CosmoFlow: Using Deep Learning to Learn the Universe at Scale - ArtWomb
https://arxiv.org/abs/1808.04728
======
mturmon
I took a quick look because I'm aware of the work that has gone in to
producing the best estimates of \Lambda CDM parameters from CMB data. This has
been done by large-scale MCMC - not DL at all. But, the CMB signal really is
Gaussian, so MCMC is well-suited.

By going to the trouble of making a principled forward model including error
statistics, you get error bars on all reported parameters, such as the age of
the universe - these error bars are critical to later analysis. ("This model
requires a Hubble constant in the range ... which is not supported by current
observational evidence.")

Parameter estimation from large scale structure is not as "easy". OTOH, I
wonder about the accuracy of their map from (cosmological parameters) ->
(Large scale structure), because that's what their system is inverting.

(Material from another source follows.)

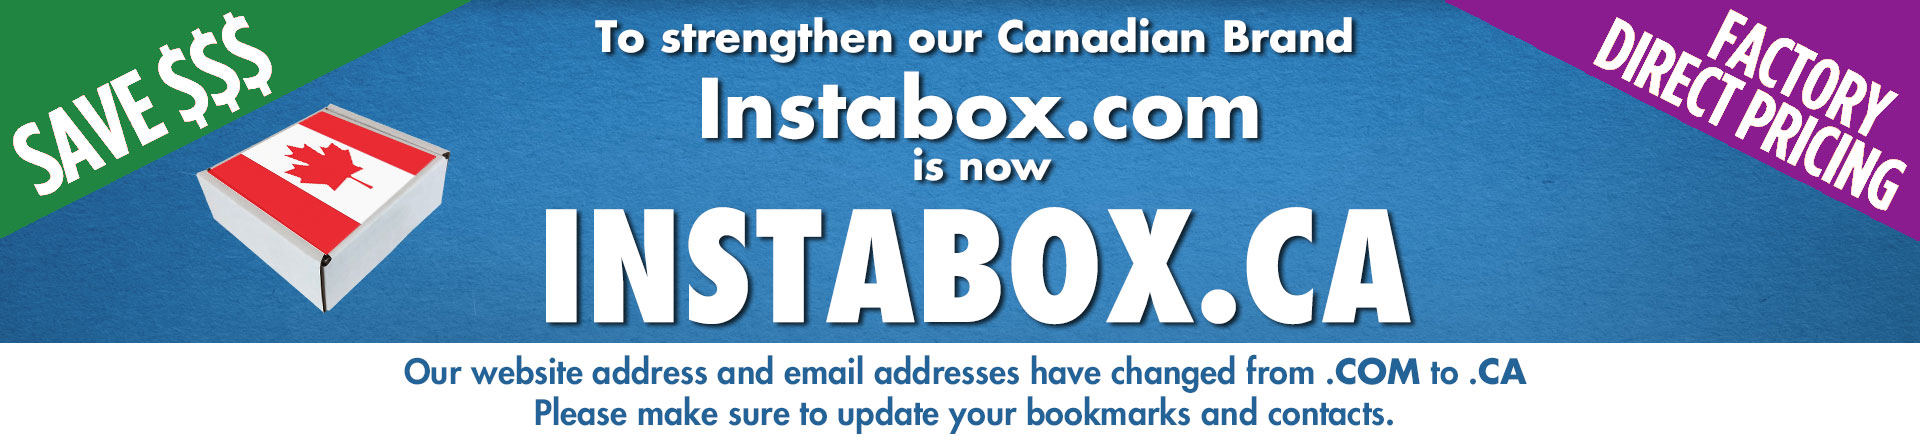 Instabox is now Instabox.ca

That
is, I wonder about their training data.

From sec. 4C of the current paper, and comparing to their reference to
Ravanbakhsh et al 2017 (ICML, [1]), they seem to be using numerical
simulations (N-body sims representing gravitational coalescence). These models
might have large systematic errors, and their inverse may have its own
problems.

Long way to say: I wonder how these estimates of Lambda CDM parameters are
viewed by the astrophysics community? The present paper is more of a
systems/methods paper than an astrophysics paper. The estimates will come with
no error bars, and will be critically based on the simulations used, and the
NN limitations.

[1]
[https://arxiv.org/pdf/1711.02033.pdf](https://arxiv.org/pdf/1711.02033.pdf)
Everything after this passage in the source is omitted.